Nothing new, the Lotus Carlton and mk4 Supra Turbo used a small/big approach; all three cars also have I6 engines


----------



## Vegeta Gti (Feb 13, 2003)

probably gonna go gtx next year... and by my bday maybe... redo my entire setup for these beautiful efr's


----------



## derekb727 (Dec 22, 2007)

velocity196 said:


> ill be getting the 8374 but not till this spring.



that's great i forsure want to see some results that will really help me out. if you can make 30psi before 4000 rpm and carry that til 9000rpm this will be the perfect turbo for me. thats what i hope it can do anyways


----------



## inivid (Aug 25, 2003)

velocity196 said:


> The 7064 is in that range. :thumbup:



you sure? the 7064 is rated well beyond that.


----------



## derekb727 (Dec 22, 2007)

yah specs are very similar between the two.

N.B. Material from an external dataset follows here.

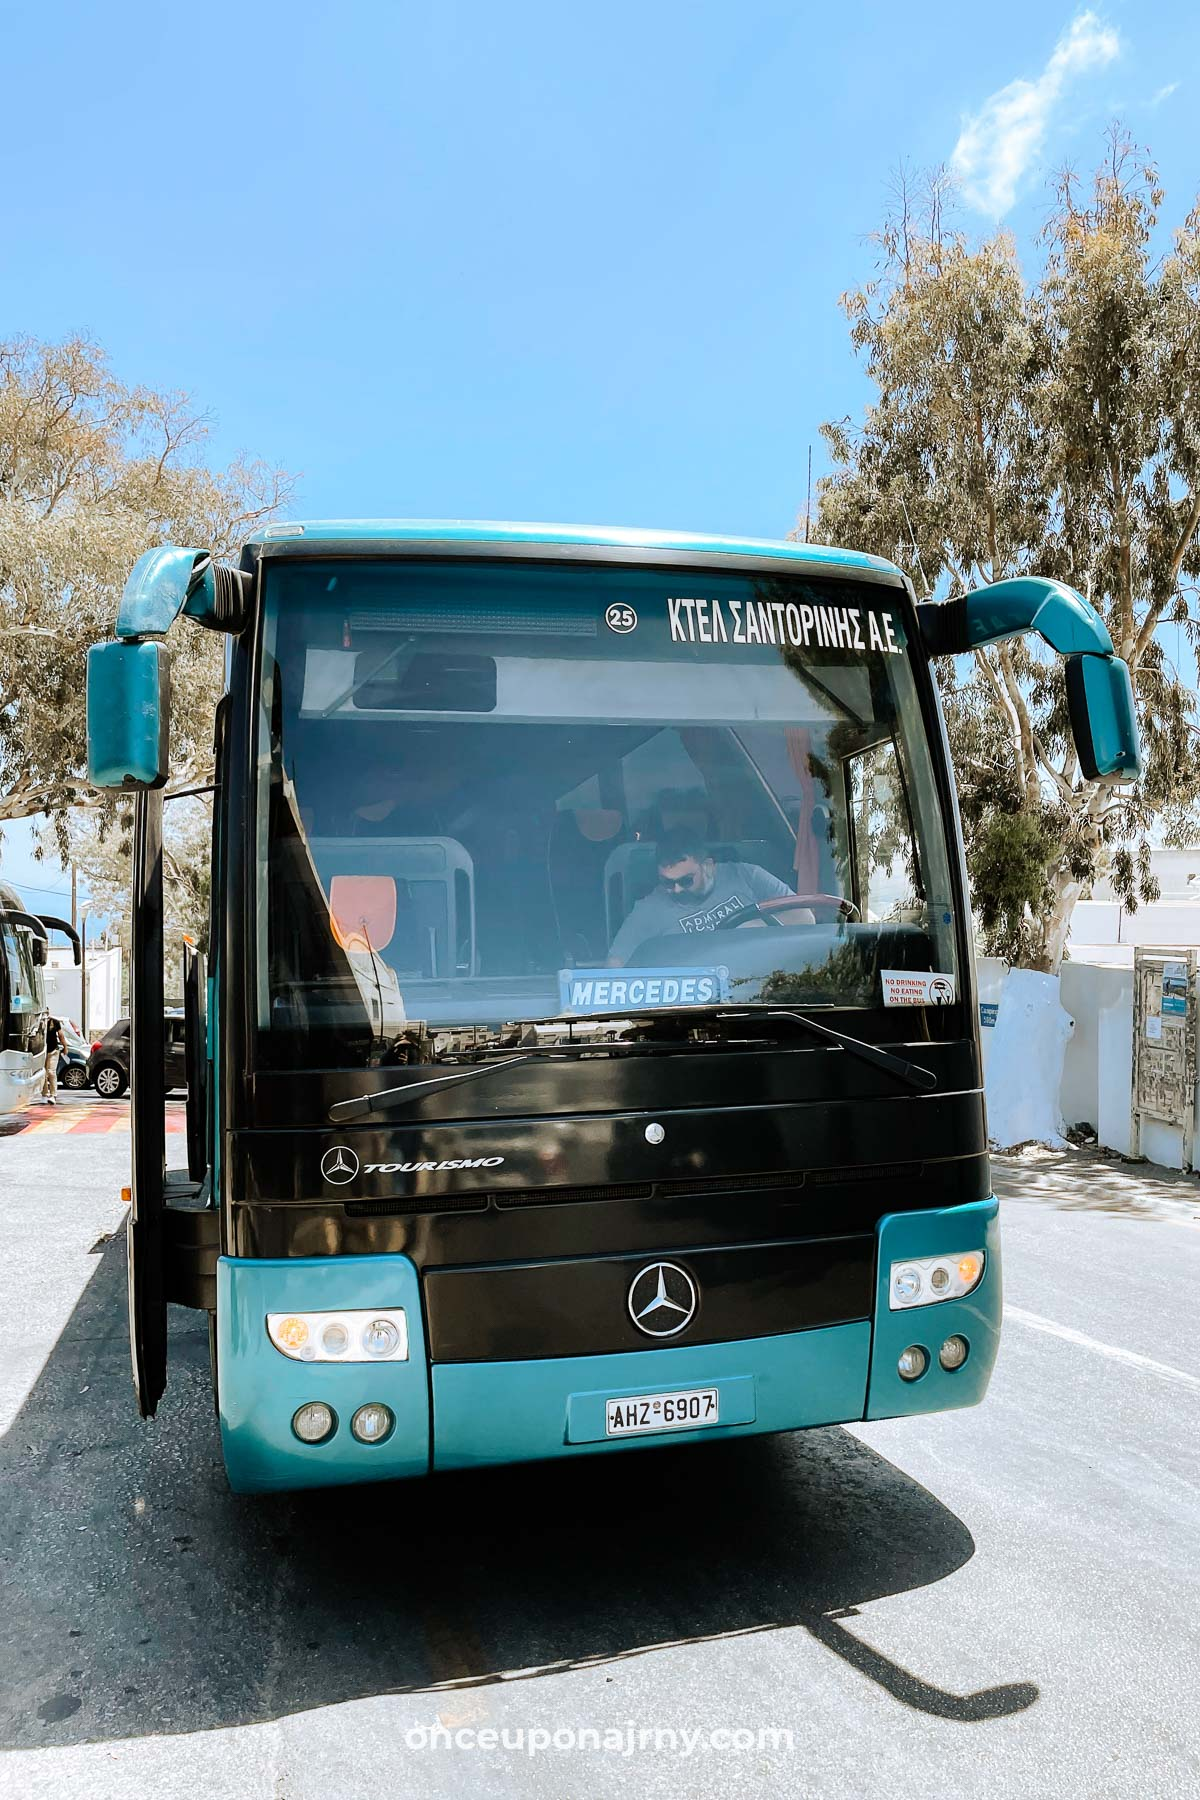 KTEL Bus Santorini Airport to Fira

the EFR is rated more cuz its that much better of a turbo

spools the same as the 3071 but make more power because it flows more, but it spools the same if not sooner


----------



## Gulfstream (Jul 28, 2010)

wonder how GTX will compare to billet 3071....


----------



## screwball (Dec 11, 2001)

EFRs a little too rich for my blood.


----------



## newto20v (Feb 26, 2010)

EFR's largest model is smaller than mine, so no use replacing something that works fine.


----------



## groggory (Apr 21, 2003)

newto20v said:


> EFR's largest model is smaller than mine, so no use replacing something that works fine.


Maybe you could work up one of these as the sequential twin to your big'un.


----------



## newto20v (Feb 26, 2010)

groggory said:


> Maybe you could work up one of these as the sequential twin to your big'un.


i could use my spare 35R for that hahaha


----------



## velocity196 (Feb 19, 2006)

newto20v said:


> i could use my spare 35R for that hahaha


You could buy my 35r when I'm done and have twin 35's :laugh:


----------



## derekb727 (Dec 22, 2007)

so the 7670 flows just as much as a 35r with quicker spool and will hold full boost til redline say 9000.

on a 2.0l with an AEB and cams yada yada yada i've been told that i should see 27+psi by 4000rpm and hold that til my redline of 9krpm.

so a car with 500awhp with full spool by 4k. i think i found my new turbo.

the 7670 with a twin scroll .92 a/r is 1858. 

so price wise less than we thought i believe.

i was looking at a 5857 for 1400 and i would still needed a wastegate and bov.
with the EFR i would not so thats 400 plus in savings not to even add in the cost of the dump tube materials and extra crap associated with the two.


so yes, the EFR series seems to be a no brainer for me. it will be under my hood as soon as i get back, unless something stupid starts happening with them. 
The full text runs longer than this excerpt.